Reaching the Bridge in a hasty high-octane, Kelvin-timeline-like adrenaline rush, Kugo, Armond and Red found it near-empty. 

"We must've pranked Seifer with the classic Commander's Omega Directive alert, which is basically to confirm Psi molecules, the less-exciting, waste-of-time, boring molecules that are a step down from Omega," Kugo surmised.

Armond nodded. "That explains the Omega-branded curtains over all the windows. He loves using those as a repurpose, but really to pretend it's an actual Omega emergency."

"But he's not here. If only there was a way to track non-commbadged individuals aboard a ship of the stars," Red struggled.

The Vulcan snapped her fingers. "Of course! Computer, I want you to do a skeletal scan for the mineral composition of Seifer's bones, and Seifer's bones only. Authorized to take CPU resources from life support and defense systems to expedite results."

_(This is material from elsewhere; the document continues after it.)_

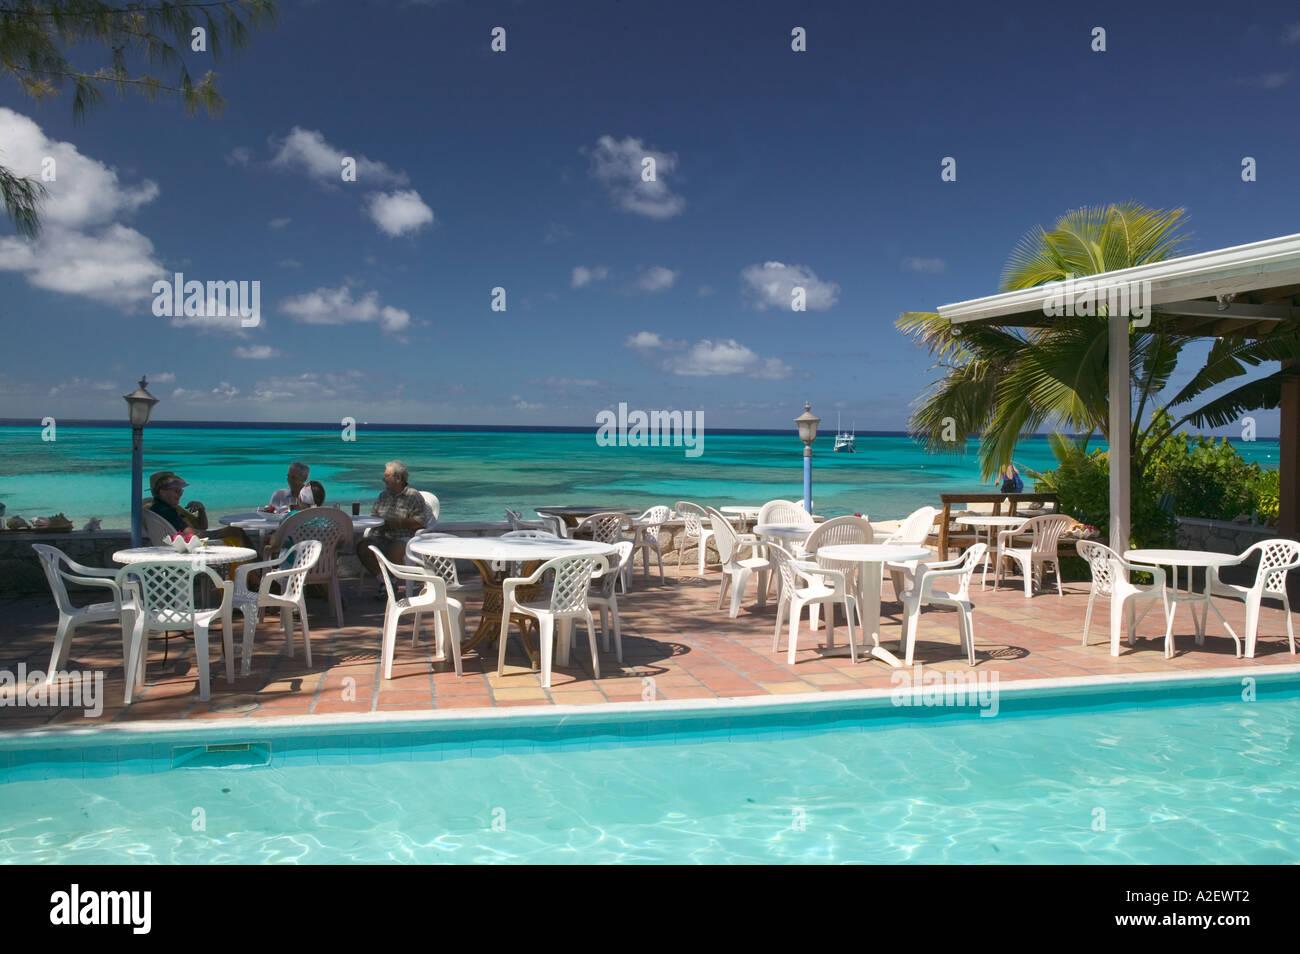 Caribbean weddings grand turk - Caribbean Turks Caicos Grand Turk Island Cockburn Town Osprey Beach Hotel Pool View

"It's a good thing everyone's unique configuration is on file everywhere," Armond added. "And, that we're not in Romulan space. Only right next to it."

The computer clicked for several seconds. "Calculating! Commander Seifer is located on the Bridge, behind the Tactical chair."

"He's over here!" Armond exclaimed as he and the group then shifted their heads slightly to an angle that viewed passed the chair where Seifer was on the floor, back to the console platform, in a dazed, near-incoherent, bewildered state. "You're okay! Hahaha! Oh, we have been looking everywhere for you."

As Seifer was helped to his feet, he began to regain some semblance of focus. "What the hell is going on? I'm getting official today?"

"That's why you need to focus and do everything we say, Commander. Because, frankly, you're wasting a little bit of time right now," Kugo matter-of-facted.

Seifer looked at her, perplexed, before recalling their prize. "Oh! At least the event wasn't a total disaster. When I woke up on the Bridge, I happened to find 8000 ounces worth of bloodwine."

"Oh my God! Wooo!" exclaimed the other three as Seifer kicked open a large compartment that rolled out their illicit prize of an over-sized barrel of Klingon alcohol.

---

Later, in the repurposed Conference room, everyone stood ceremoniously in a section off to the side while Seifer and Aeris stood at the front with Admiral Cloud officiating. While that was going on, Armond turned to Monique.

"Listen. About last night. We ended our overall relationship so well, I think a rehash would besmirch it," suggested Armond.

Monique nodded. "It's time I stopped aging myself down for the status quo, anyway. It's freaking my mother out."

"Uggh, the night we had." Meanwhile, Seifer and Aeris spoke between themselves as Cloud was giving a heartwarming speech to all. 

Aeris smirked. "This is weird. Why, after all these centuries, did people allow 'going steady' to become so liturgically ritualistic?"

"Yeah, this is just like how horizontal video capture ruined TikTok Day," Seifer recalled. "How about we just do things without announcing them from now on? Also, I'm pretty sure my symbiont flipped upside-down from last night's festivities."

The Captain nodded. "Agreed." The two of them then left the Conference room, relinquishing everyone's predisposed formality. 

"Who wants to get 'official' this time, yeah? Wooo!" proposed Kugo to all as she kicked the large wall compartment behind them to roll out the over-sized barrel of Klingon bloodwine.